(Exercise instructions)
With images removed, return the whole listing exactly as written.

(Data section)

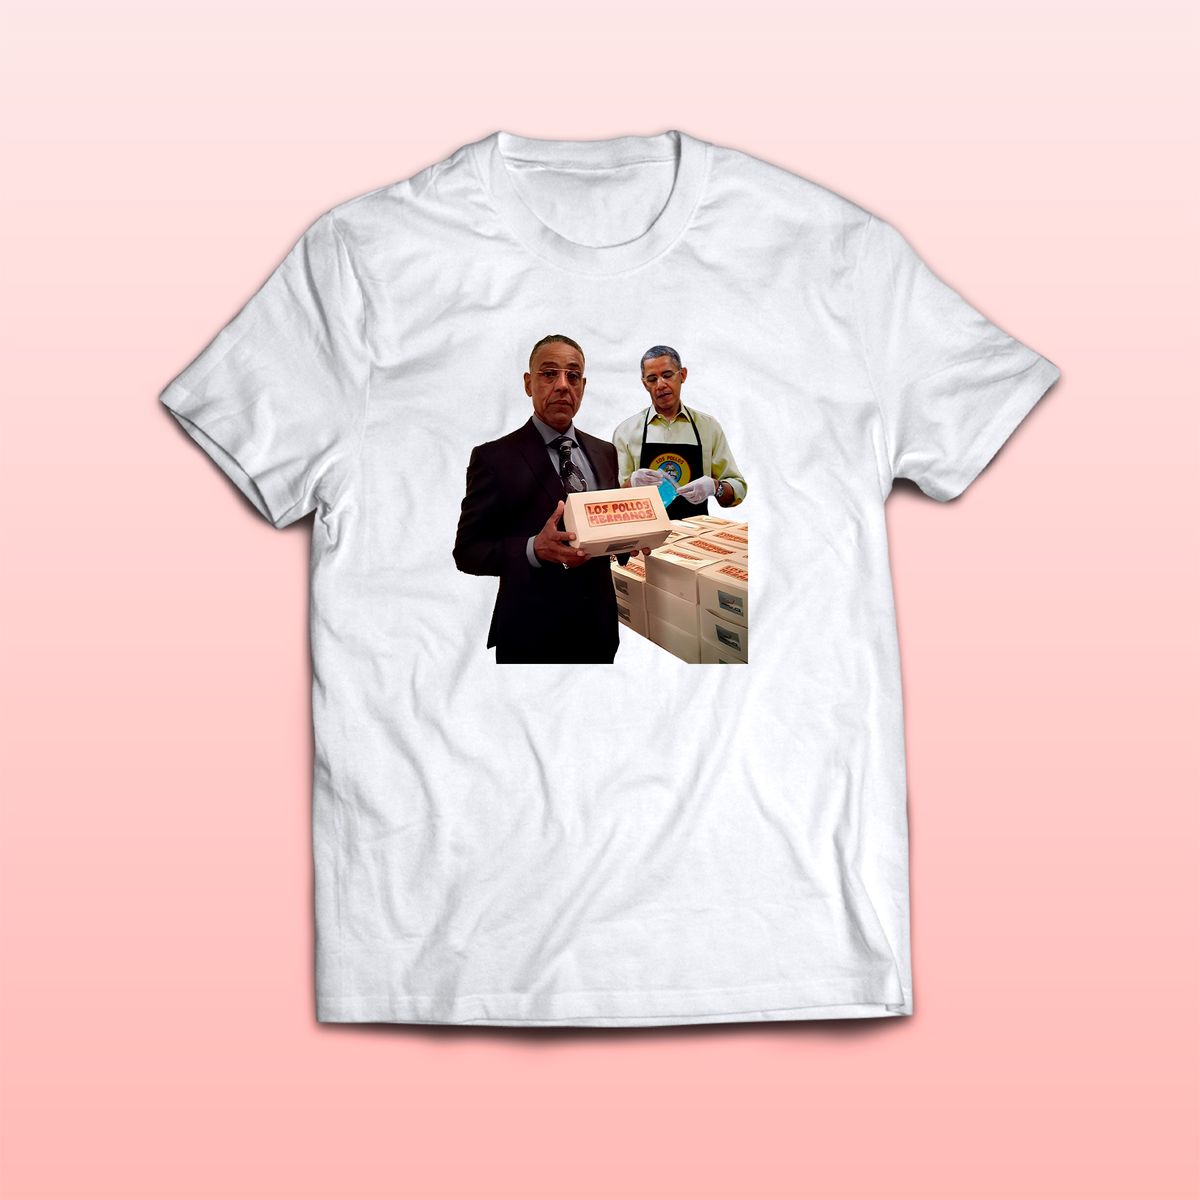 Nome do produto: Camiseta Los Pollos Hermanos Family Com Gus Fring e Barack Obama
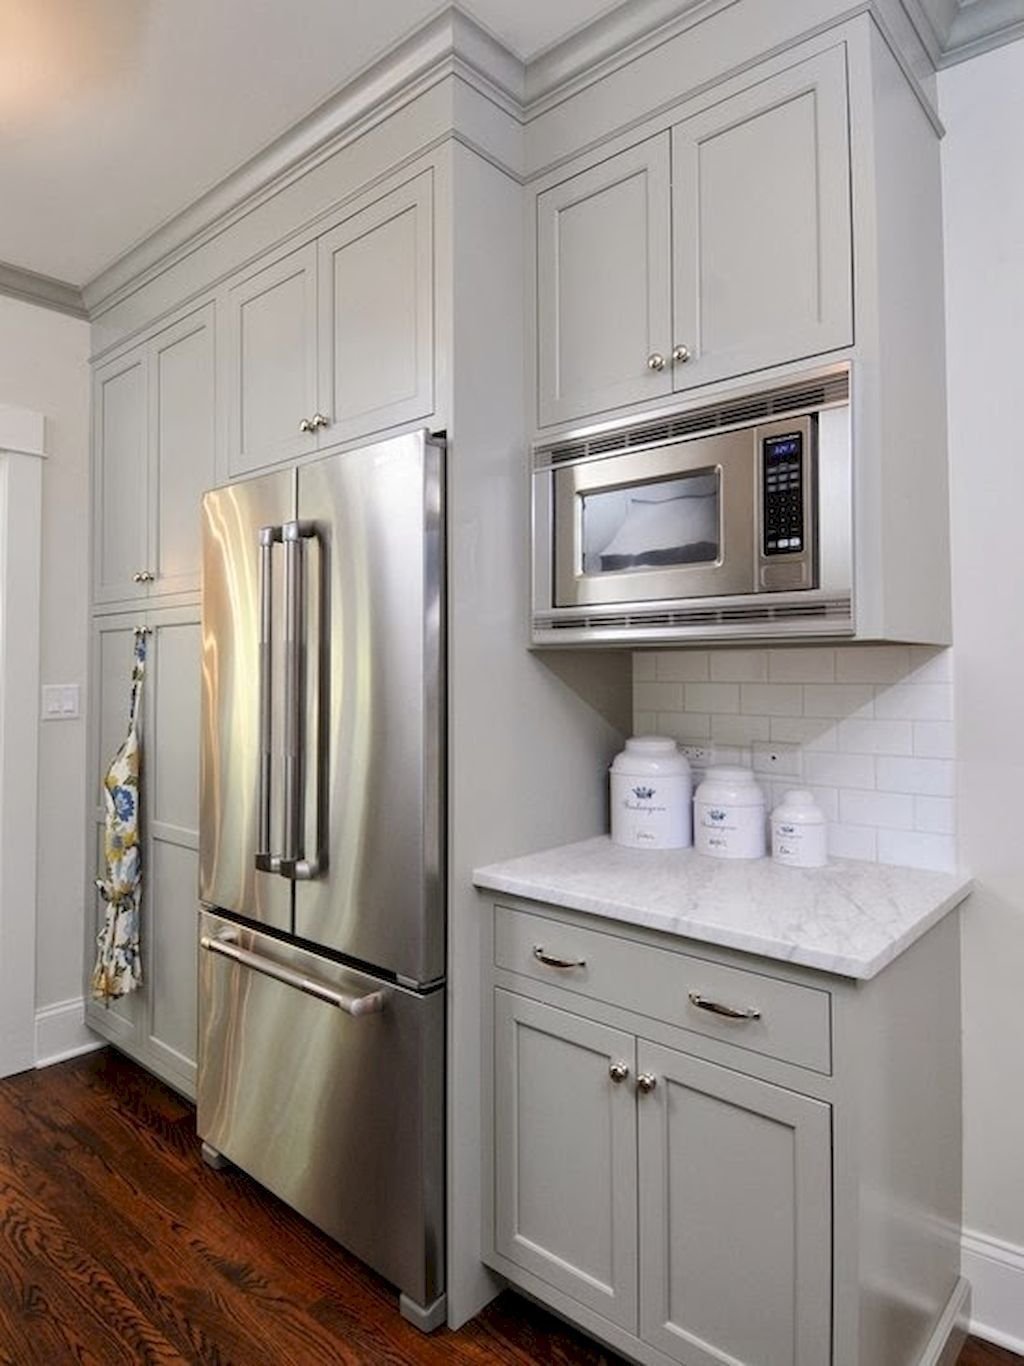 холодильник в пенале в кухне
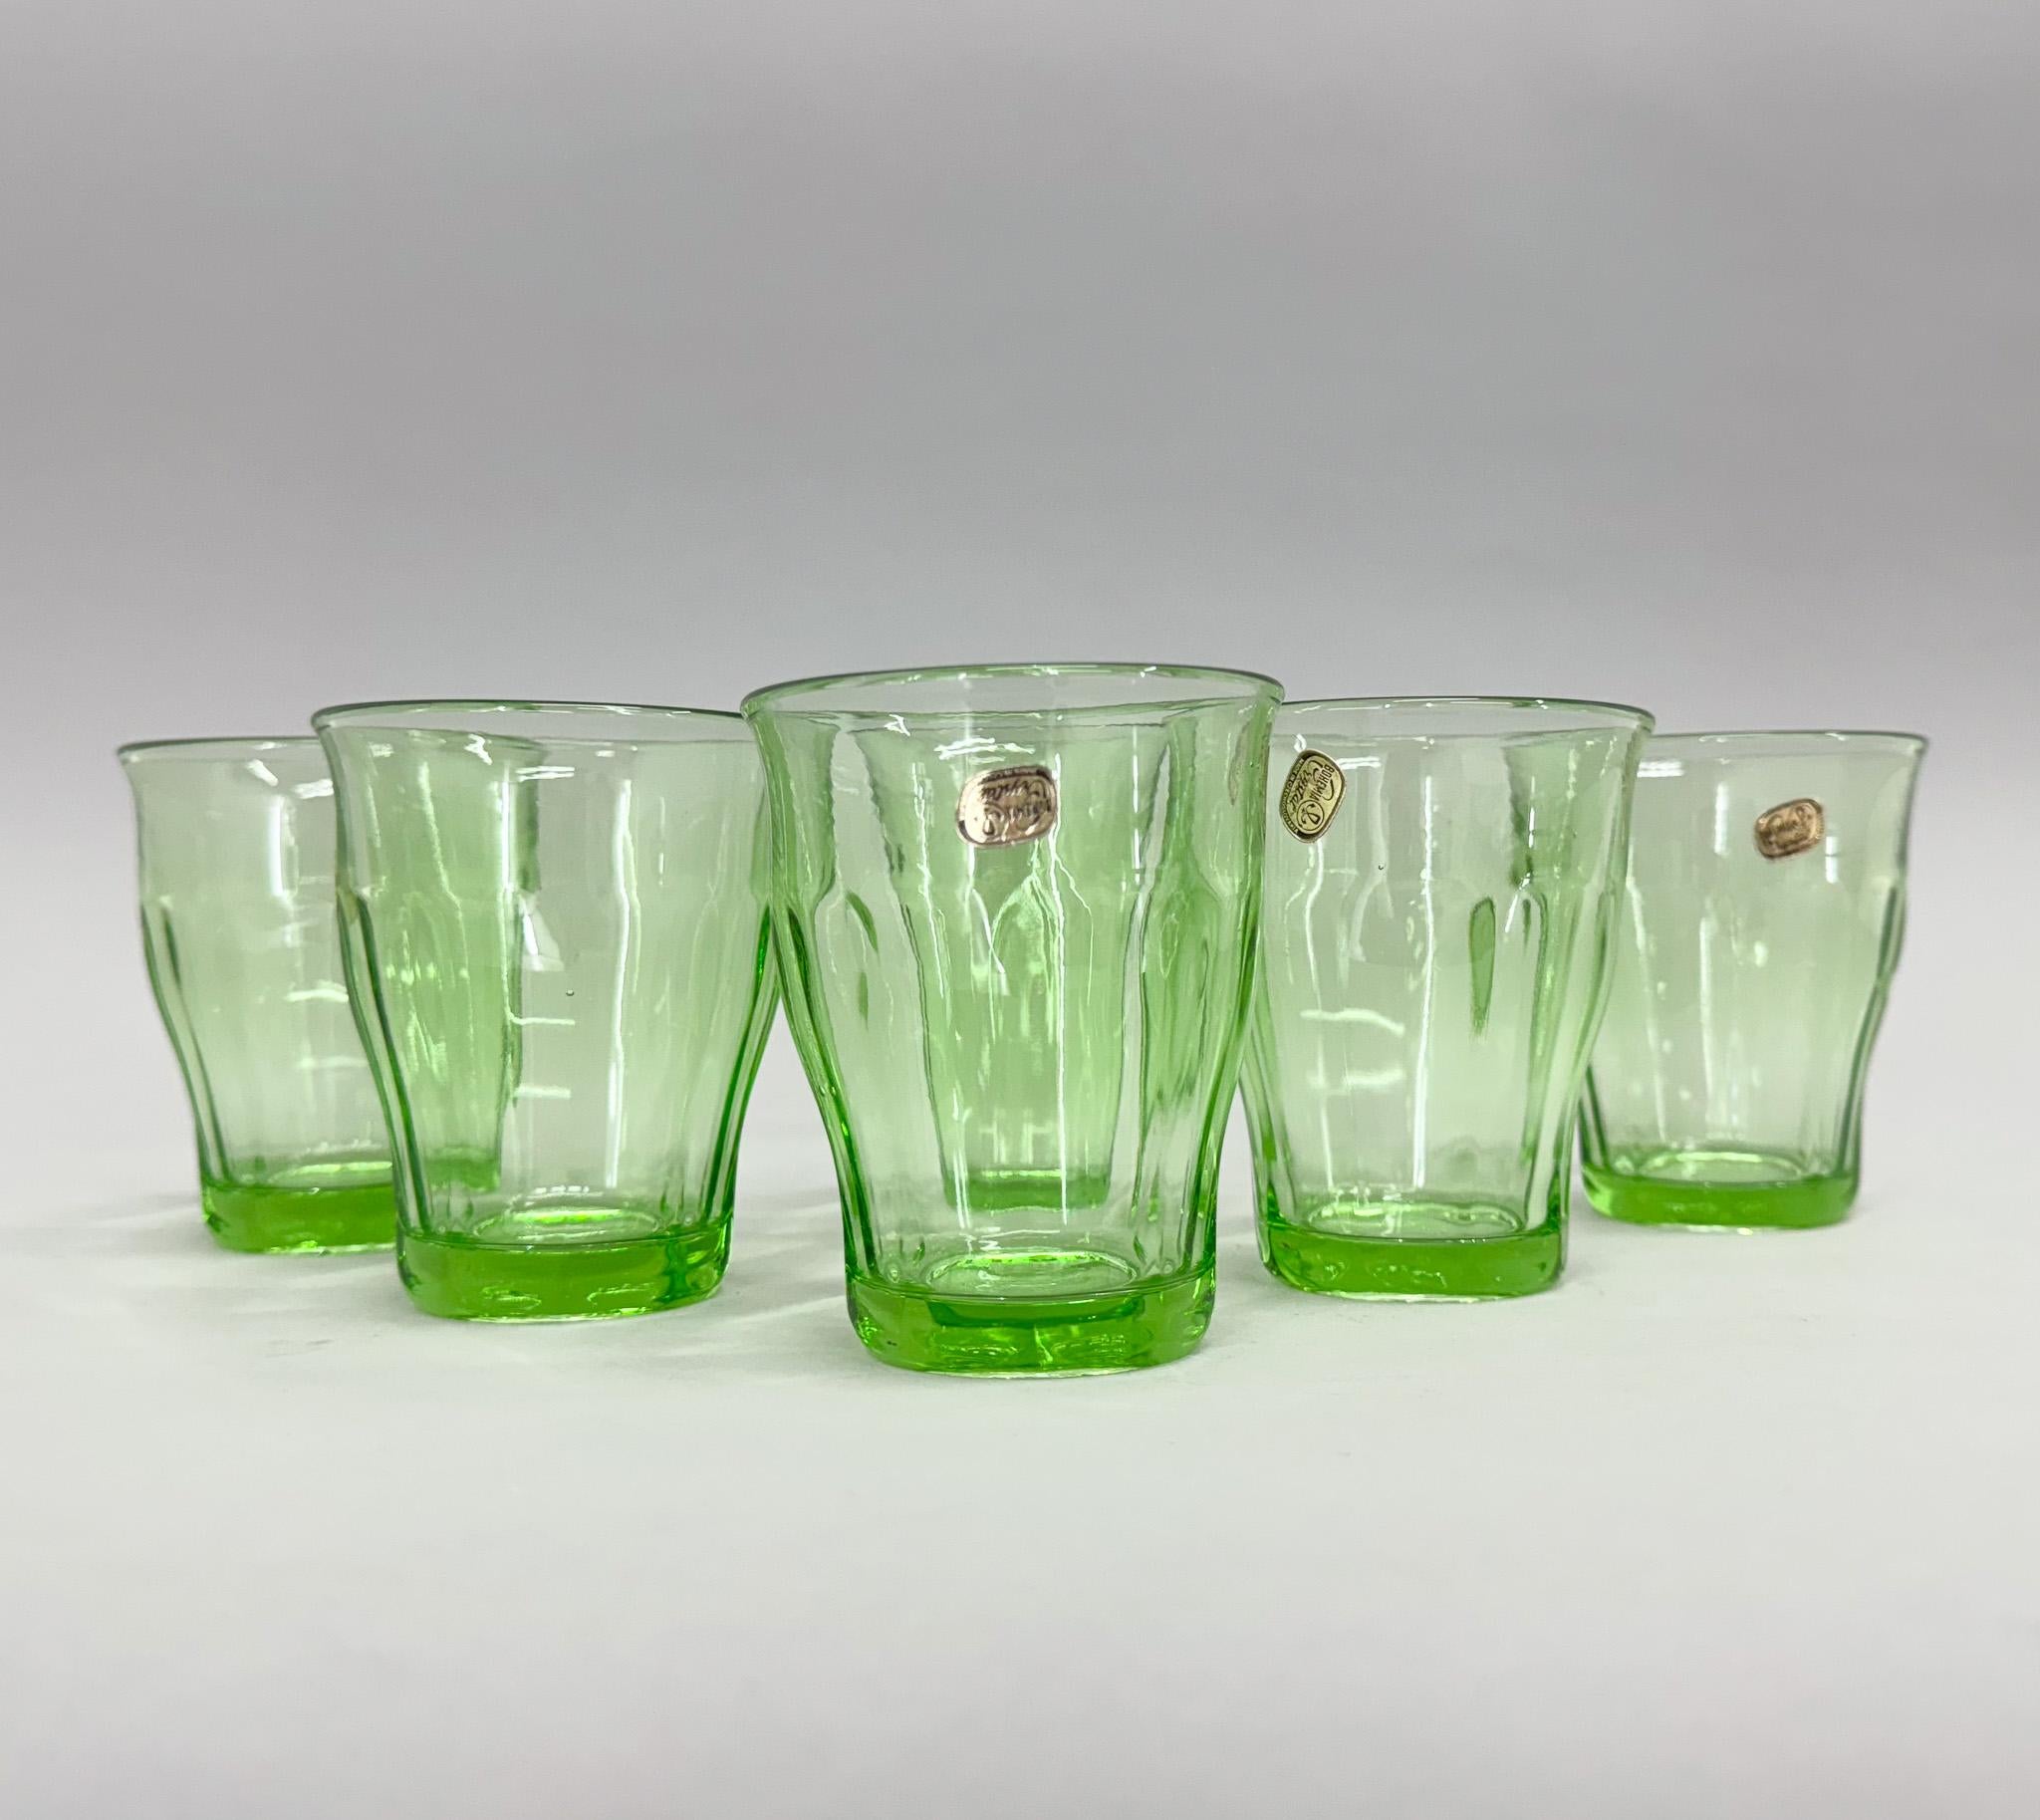 Satz von sechs Gläsern aus böhmischem Kristallglas, die in den 1970er Jahren in der ehemaligen Tschechoslowakei hergestellt wurden. Noch beschriftet, wahrscheinlich nie benutzt.
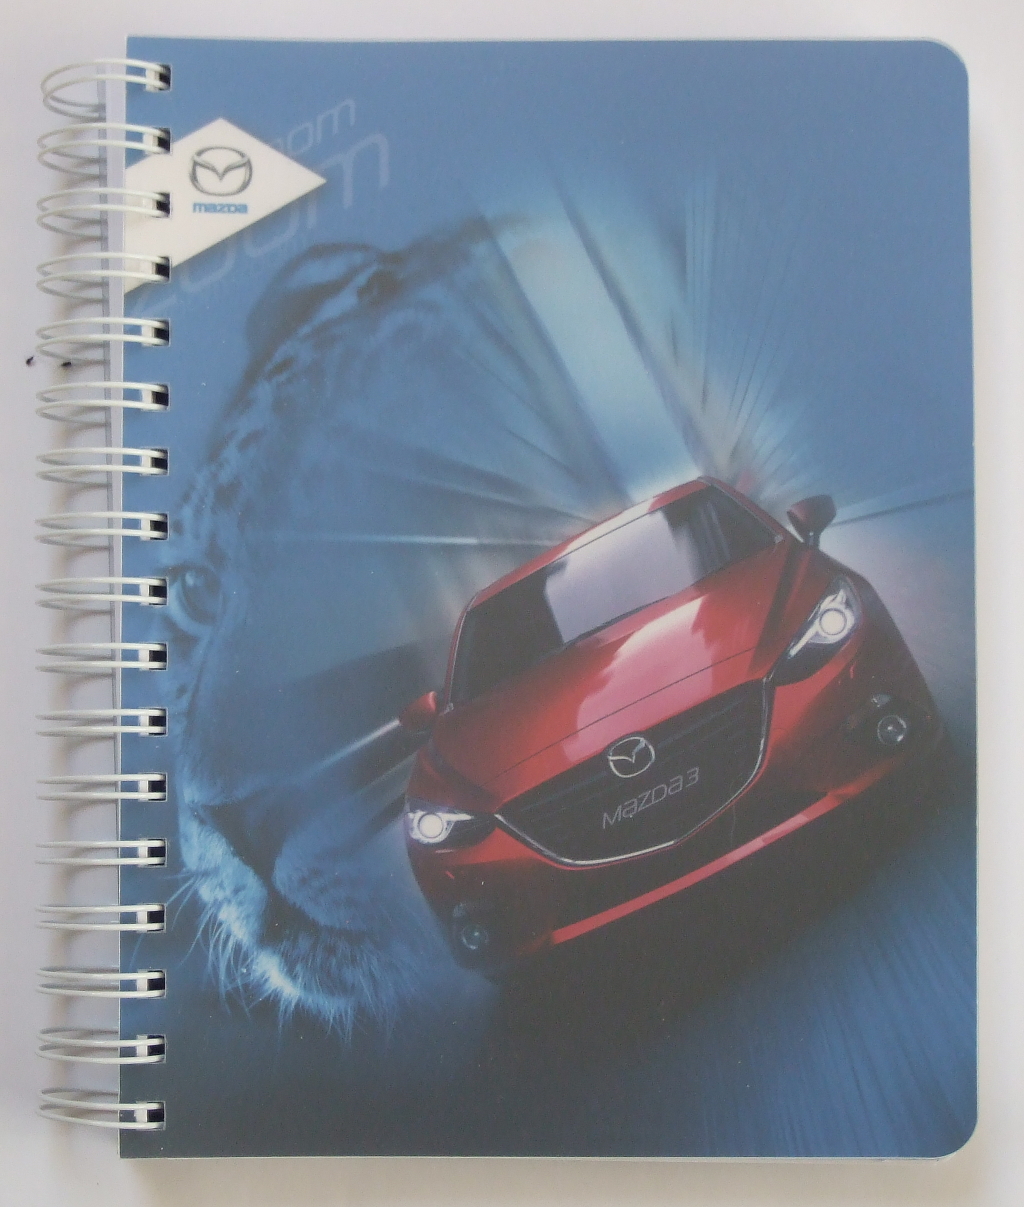 Друк щоденників «Mazda». Поліграфія друкарні Макрос, виготовлення щоденників, специфікація 952993-1

(Answer box)
 Nome do produto: Camiseta Los Pollos Hermanos Family Com Gus Fring e Barack Obama
 холодильник в пенале в кухне
 Satz von sechs Gläsern aus böhmischem Kristallglas, die in den 1970er Jahren in der ehemaligen Tschechoslowakei hergestellt wurden. Noch beschriftet, wahrscheinlich nie benutzt.
 Друк щоденників «Mazda». Поліграфія друкарні Макрос, виготовлення щоденників, специфікація 952993-1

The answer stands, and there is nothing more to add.